In a third system (Spacelabs), a composite ST-segment waveform is developed every 30 seconds and is compared with a reference tracing acquired during an initial learning period. The isoelectric and ST-segment points can be manually adjusted to any location on the electrocardiographic tracing, or they may be automatically set to predetermined values. Using selective ST-segment displacement on seven different types of digitally simulated ECGs, London and Ahlstrom[110] bench-tested a version of a Spacelabs automated ST-analysis device, the PC2 Bedside Monitor. The device performed very well with five of the simulated ECGs, but it had some difficulty with two because of improper placement of the isoelectric point. Visual confirmation of ST-segment analyzer results was therefore advised.

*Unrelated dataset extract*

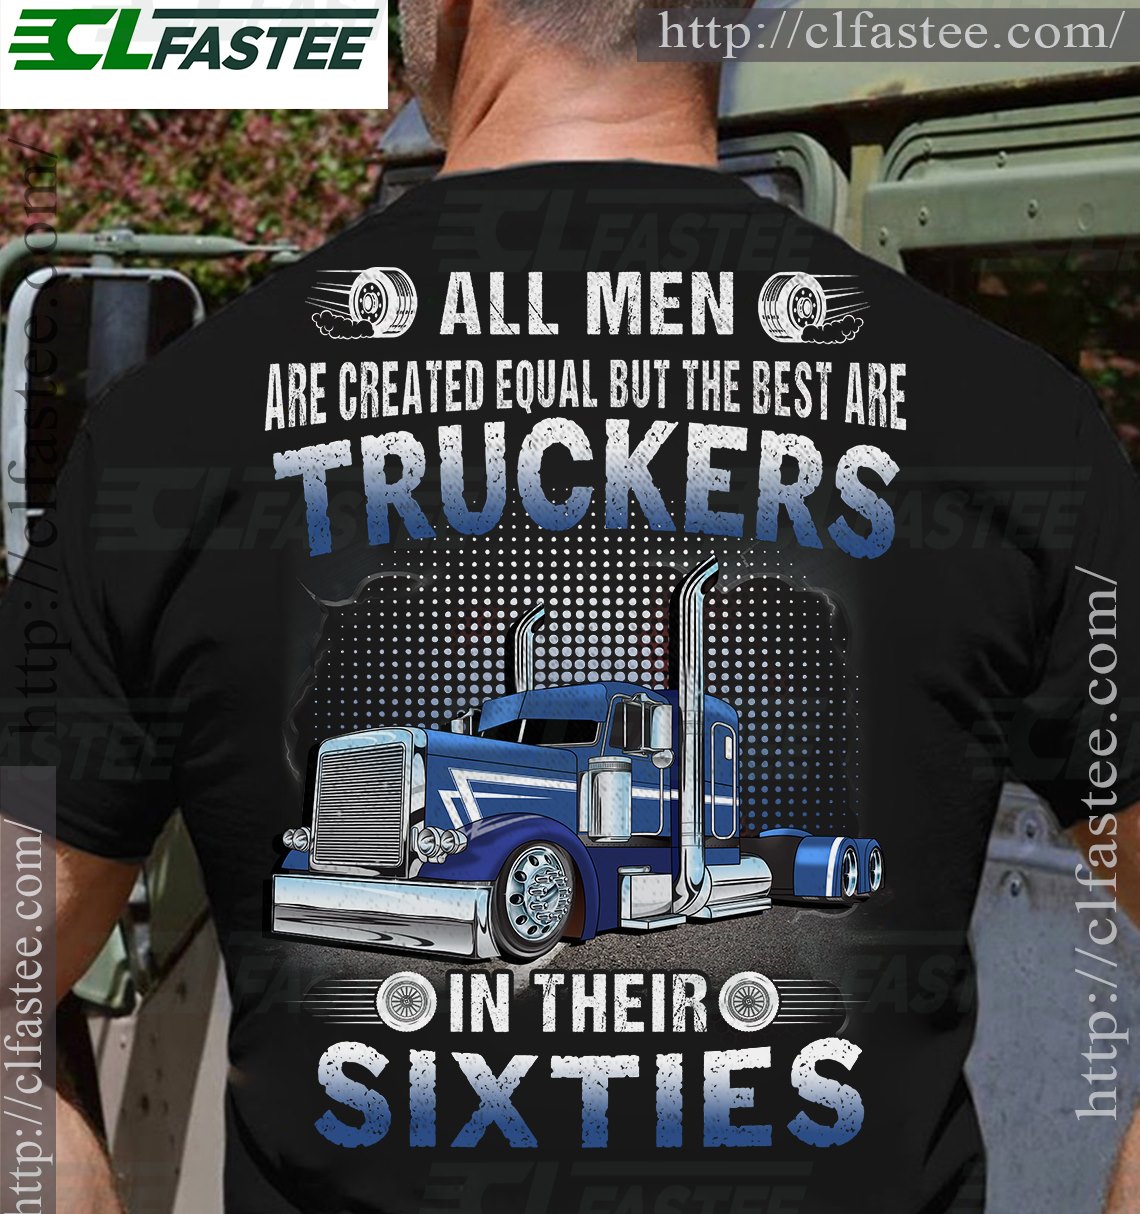 All men are created equal but the best are truckers in their sixties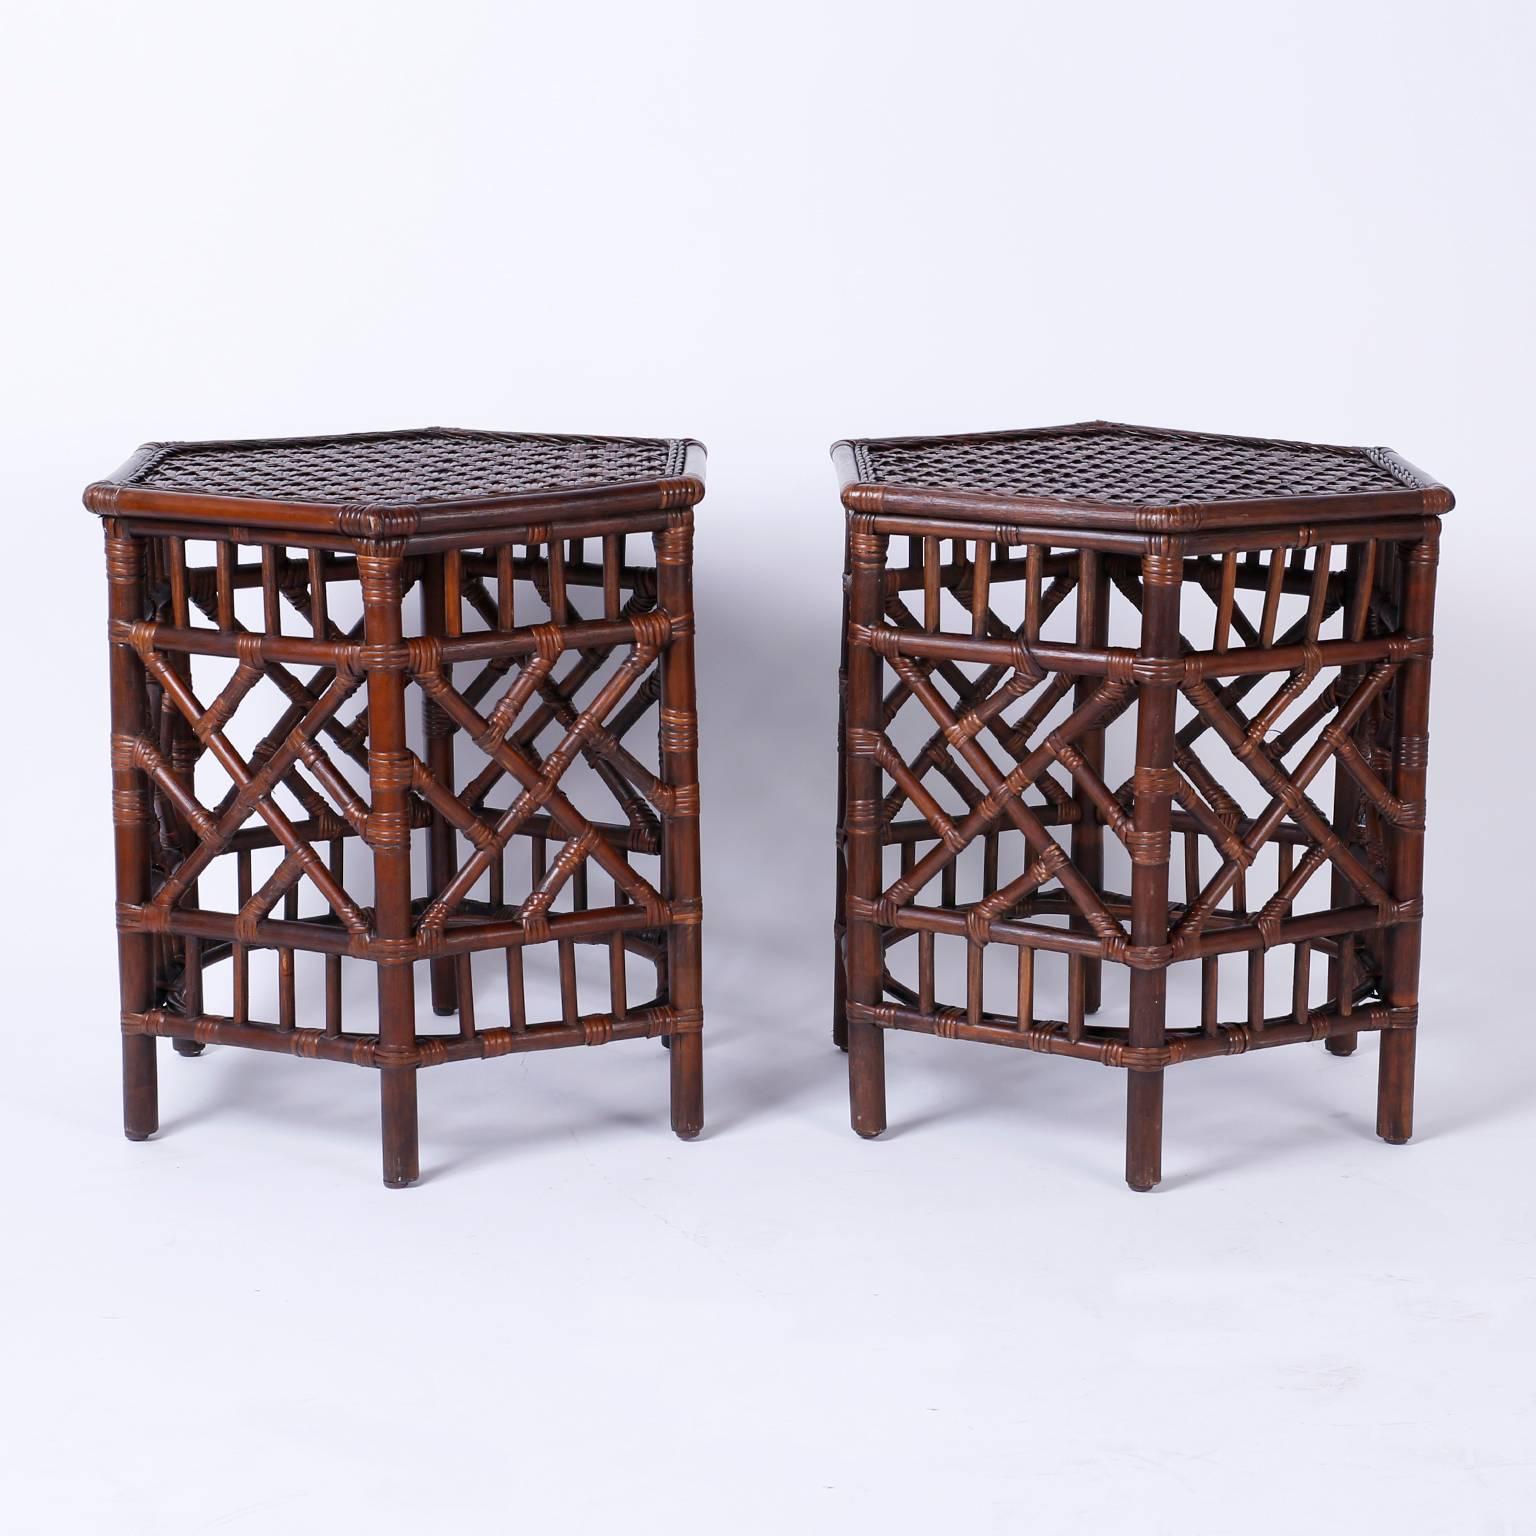 Pair of British Colonial style bamboo, rattan or wicker end tables or stands with woven reed hexagon tops and Chinese Chippendale style panels on all six sides.

The relative merits and shortcomings of the different ST-segment analysis systems in the clinical setting have not been fully elucidated. The ability of two automated ST-segment analysis systems to detect myocardial ischemia during noncardiac surgery was compared with 8-lead printed ECG and transesophageal echocardiography as reference standards.[111] In this study of 44 patients, the automated ST-analysis systems showed only fair agreement with transesophageal echocardiography or ECG in detecting ischemia. A different, brief, cautionary report mentions a case in which automated ST-segment monitoring falsely signaled the presence of intraoperative ischemia.[112]